Lithium-ion batteries have emerged as rechargeable energy storage devices for widespread use in a variety of industries, including portable electronics and the automotive industry. The advantages of a lithium-ion battery include high energy density, low maintenance, and improved electrochemical performance compared to other cell chemistries. Accurate physics-based computer simulation of the battery electrochemistry process can lead to better cell designs. These simulations can provide significant information about the cell's ability to sustain its capacity under different loading conditions, aging due to repetitive charge-discharge cycles, and insights into conditions that could lead to thermal runaways.

A full stack lithium-ion battery cell consists of an anode collector, porous anode, porous separator, porous cathode, and cathode collector. Figure 1 shows a typical jelly roll configuration of a cylindrical battery. The porous parts of the battery are immersed in an electrolyte bath that facilitates the movement of ions from the cathode to the anode during the charging cycle (Figure 2).

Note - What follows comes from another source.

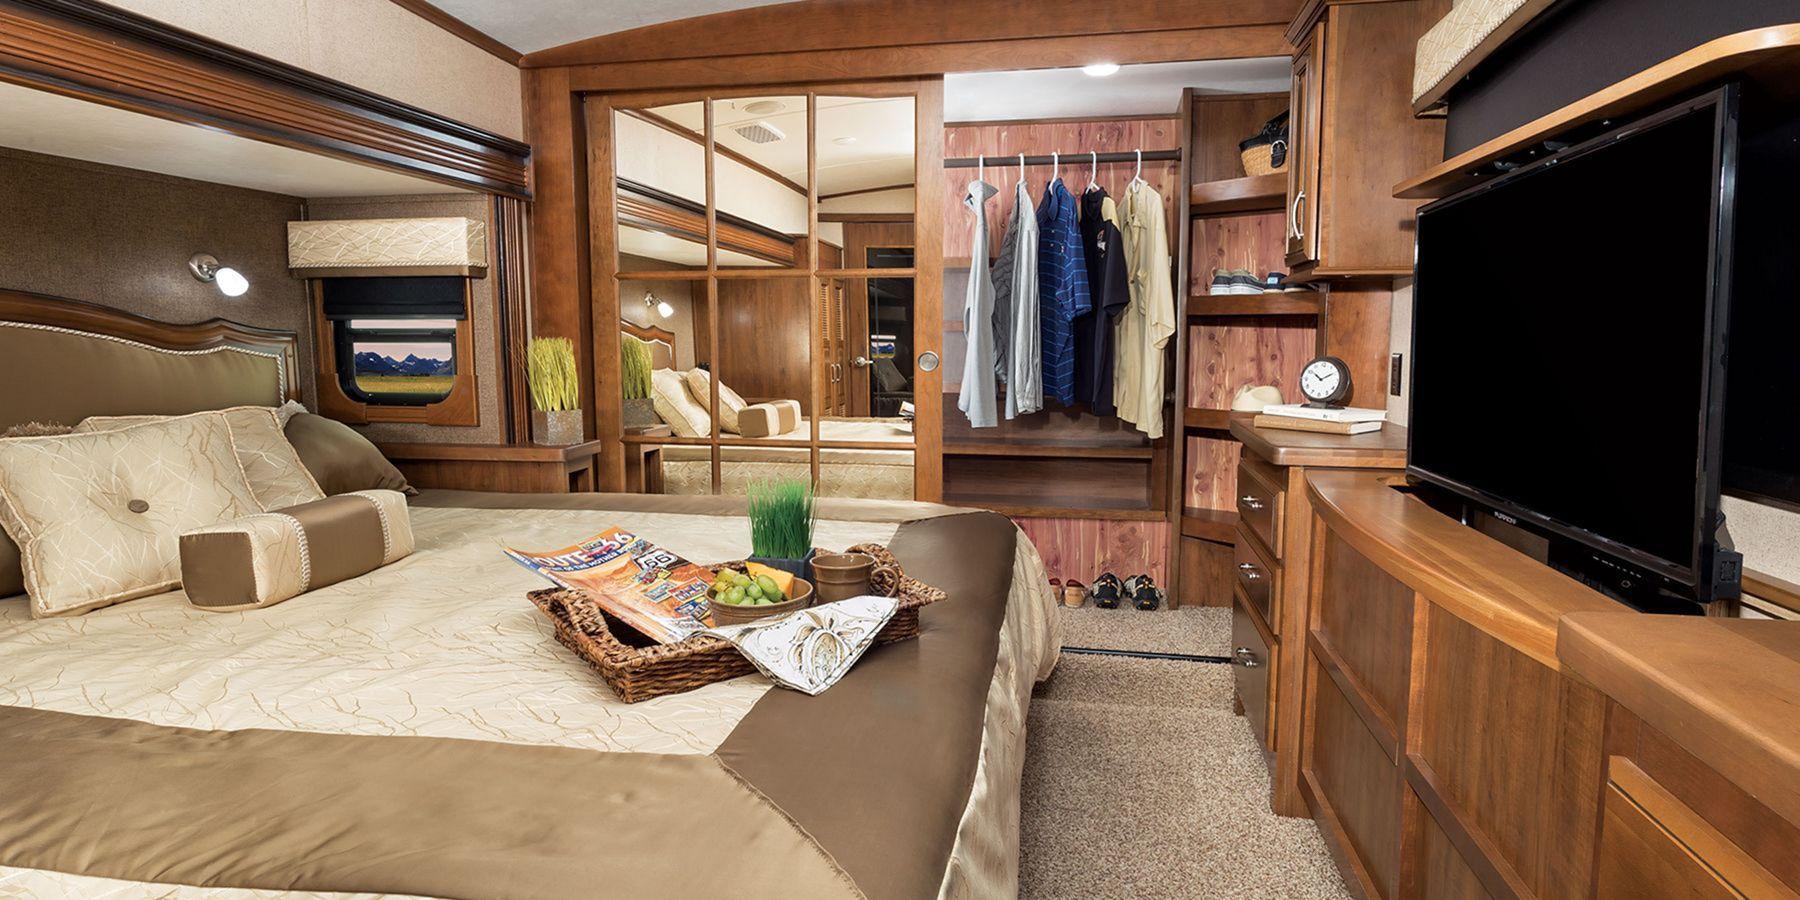 25 Cozy RV Bedroom Ideas For Cozy Summer Camping Bed

Figure 1. Schematic diagram of a full stack lithium-ion battery cell.

Figure 2. Schematic diagram of the charging process in a full stack lithium-ion battery cell.

The coupled thermal-electrochemical, fully coupled thermal-electrochemical-structural, and the new fully coupled thermal-electrochemical-structural–pore pressure procedures are intended for the analysis of battery electrochemistry applications. Using an extended three-dimensional Porous Electrode Theory (PET) Newman model, the fully coupled analysis solves simultaneously for the following highly coupled fields: displacements, pore pressure, temperature, electric potentials in the solid and electrolyte phases, ion concentration in the electrolyte, and concentration in the solid particles in the electrodes. You can use nonuniform and uniform meshes. Only brick elements are supported, which prove to be sufficient for all commercial cell designs, including all cylindricals, pouches, and prismatics.

A new surface-based Butler-Volmer load and surface-based Butler-Volmer interaction are available to model solid electrodes in lithium metal batteries. This allows for better computational efficiency by eliminating the need to solve for the microscale solution in a solid electrode.